That little old lady, standing 4 feet 9 inches small, with a thick and unruly head of once golden curls, would surely be the death of me. She was in her eighties for heaven’s sake: ‘So that’s why you wanted me to bring you to the park.’ I said.
I scrutinised the impish gleam in her eye. Each passing day she was visibly metamorphosing into a leprechaun, with her frail skeletal structure and wafer-thin skin. Veins slithered like fat worms on the back of her tiny hands. Every one of them could be traced, all the way back to a giant’s heart: ‘I’ve paid my taxes.’ She rationalised. ‘It’s a public park, so I’m transferring my share of it.’ Tut! That woman could talk the hind leg off a donkey!
‘Scally, the trowel’s sticking out of your pocket and there’s soil in that … that handbag thing. You’ll get us arrested!’ She didn’t care of course. She may have looked like butter wouldn’t melt in her mouth, but this sweet little lady was no pushover.
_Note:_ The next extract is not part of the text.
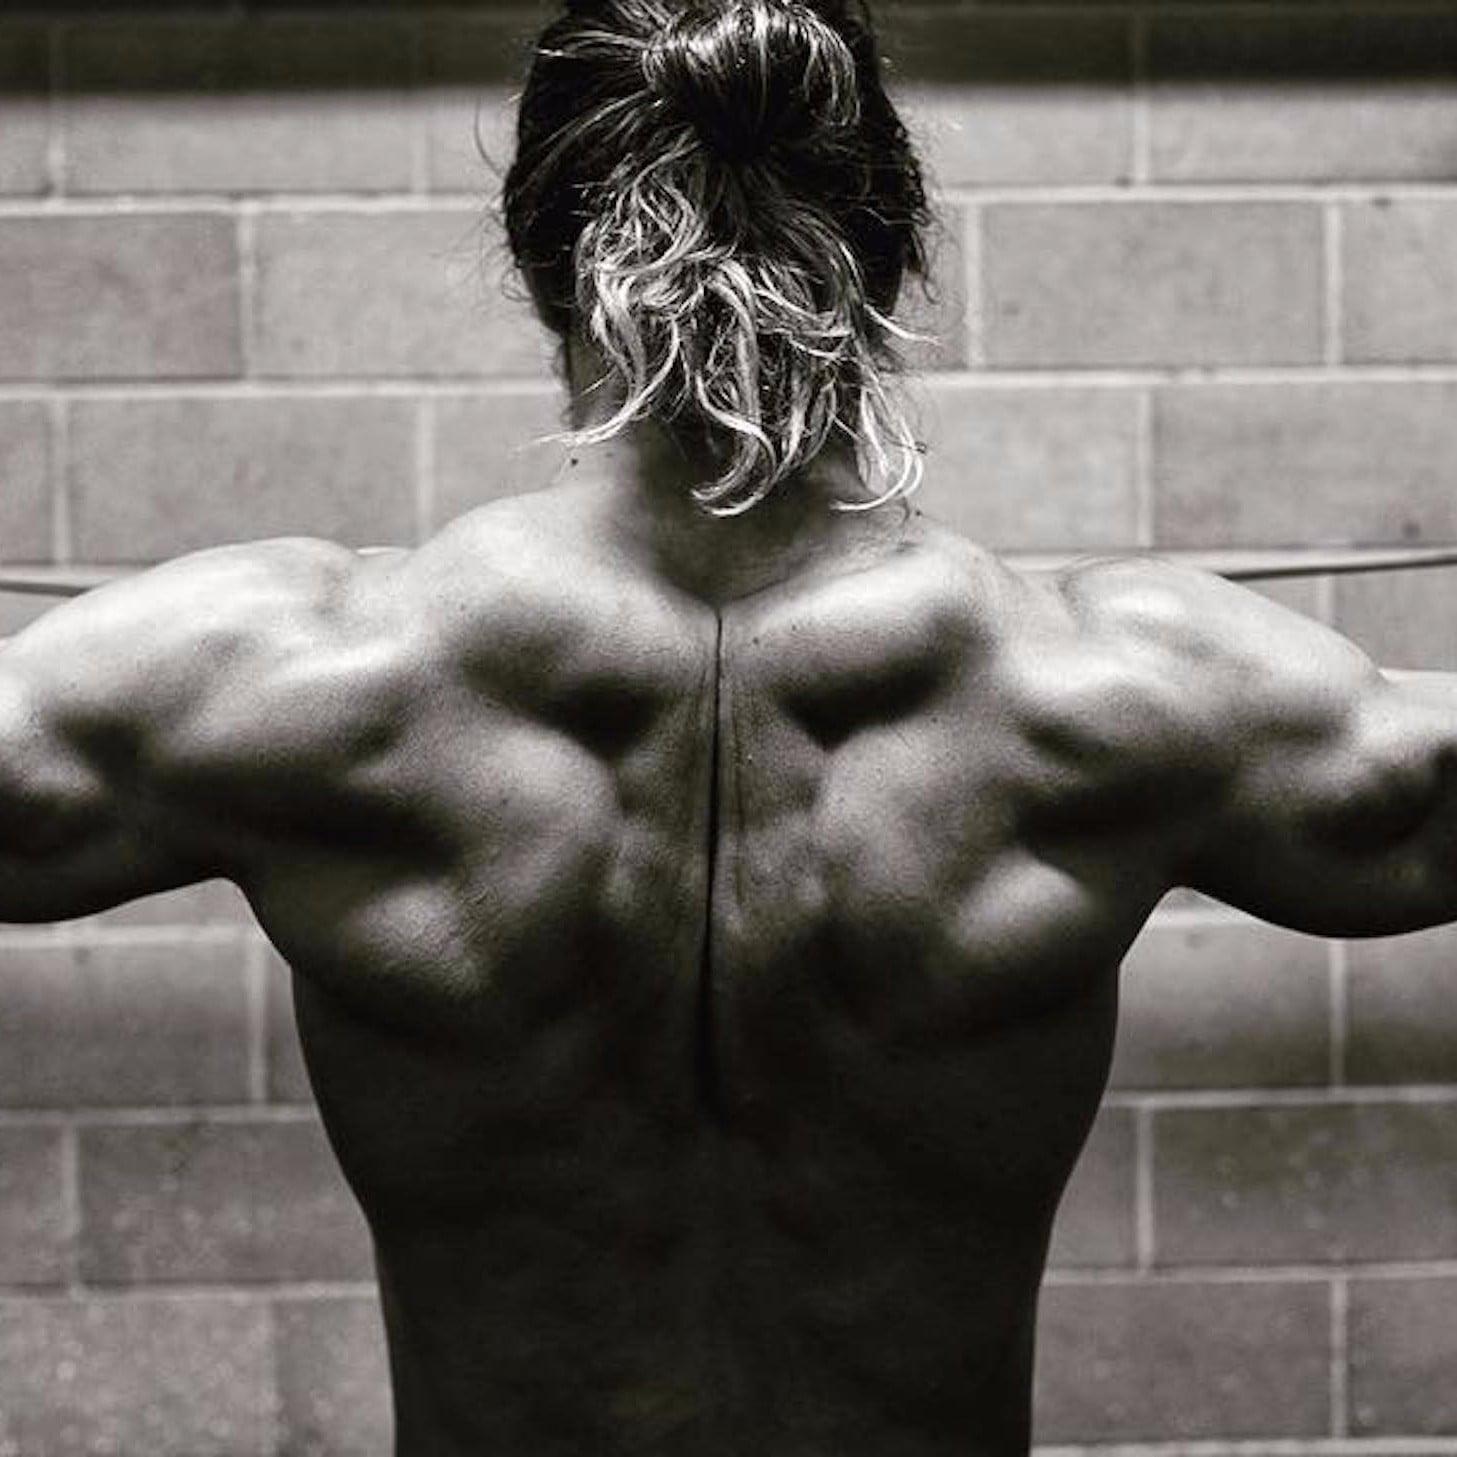 Jason Momoa Back Muscle Pictures Popsugar Celebrity Australia

Born into poverty, Scally, by necessity learned to become frugal. What she lacked in inches was recompensed in the ‘canny’ department. On market days she could be seen stalking the traders, sniffing out over ripe fruit and veg before haggling a price reduction. The kids got their quota of vitamin C, albeit a perilous venture resulting in many an hour bog hogging and sore bottoms.
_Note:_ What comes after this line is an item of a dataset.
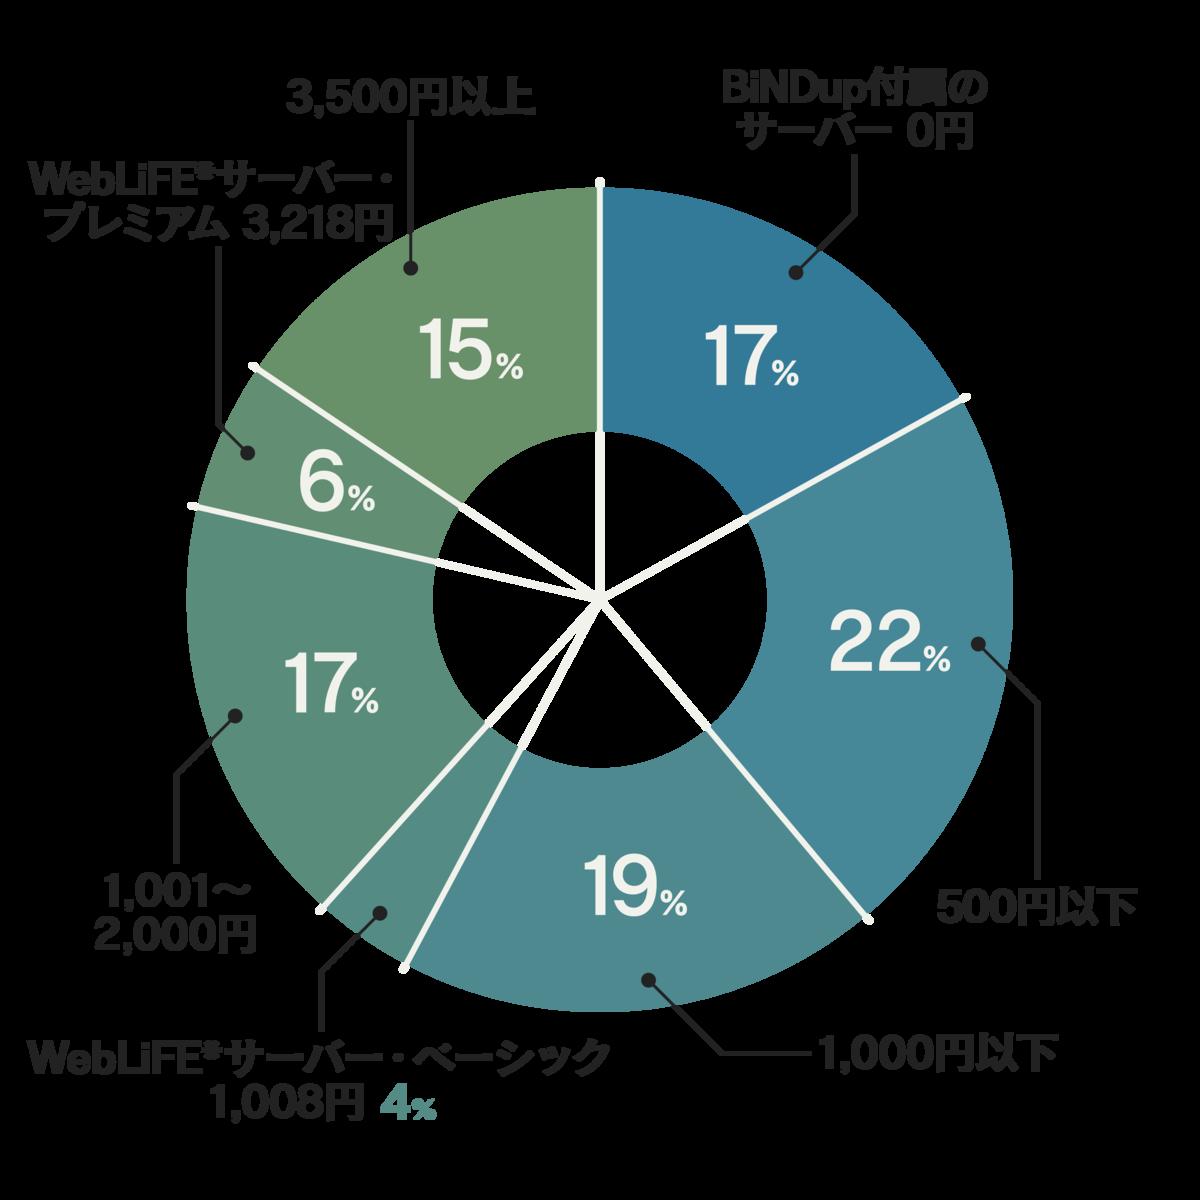 ユーザーについて|ウェブコンポーザー白書2020

But the oranges were in a class of their own; along with the sugar bowl for dipping.
‘They were sour little beggars.’ Scally chuckled. ‘But I got 10 for one penny.’ And rhubarb pie, a ‘Scally Sweet Special,’ was always a hit, though the sugar/ rhubarb ratio was somewhat lopsided.
‘Small wonder we didn’t explode.’ I giggled. ‘What about your pancakes.’ She threw back her head and cackled like a drunken goose. ‘I thought those snooty relatives were going to flip.’
‘That was the idea.’ She chortled. ‘They flipped better than my pancakes.’ That little Scallywag; small wonder the pet name stuck. She had no time for pretentious clap-trap: ‘Southerners are too posh.’ She said. ‘I served the kind of nosh we eat here. They asked for ‘em; they got ‘em.’ In this case, smothered with gooey treacle.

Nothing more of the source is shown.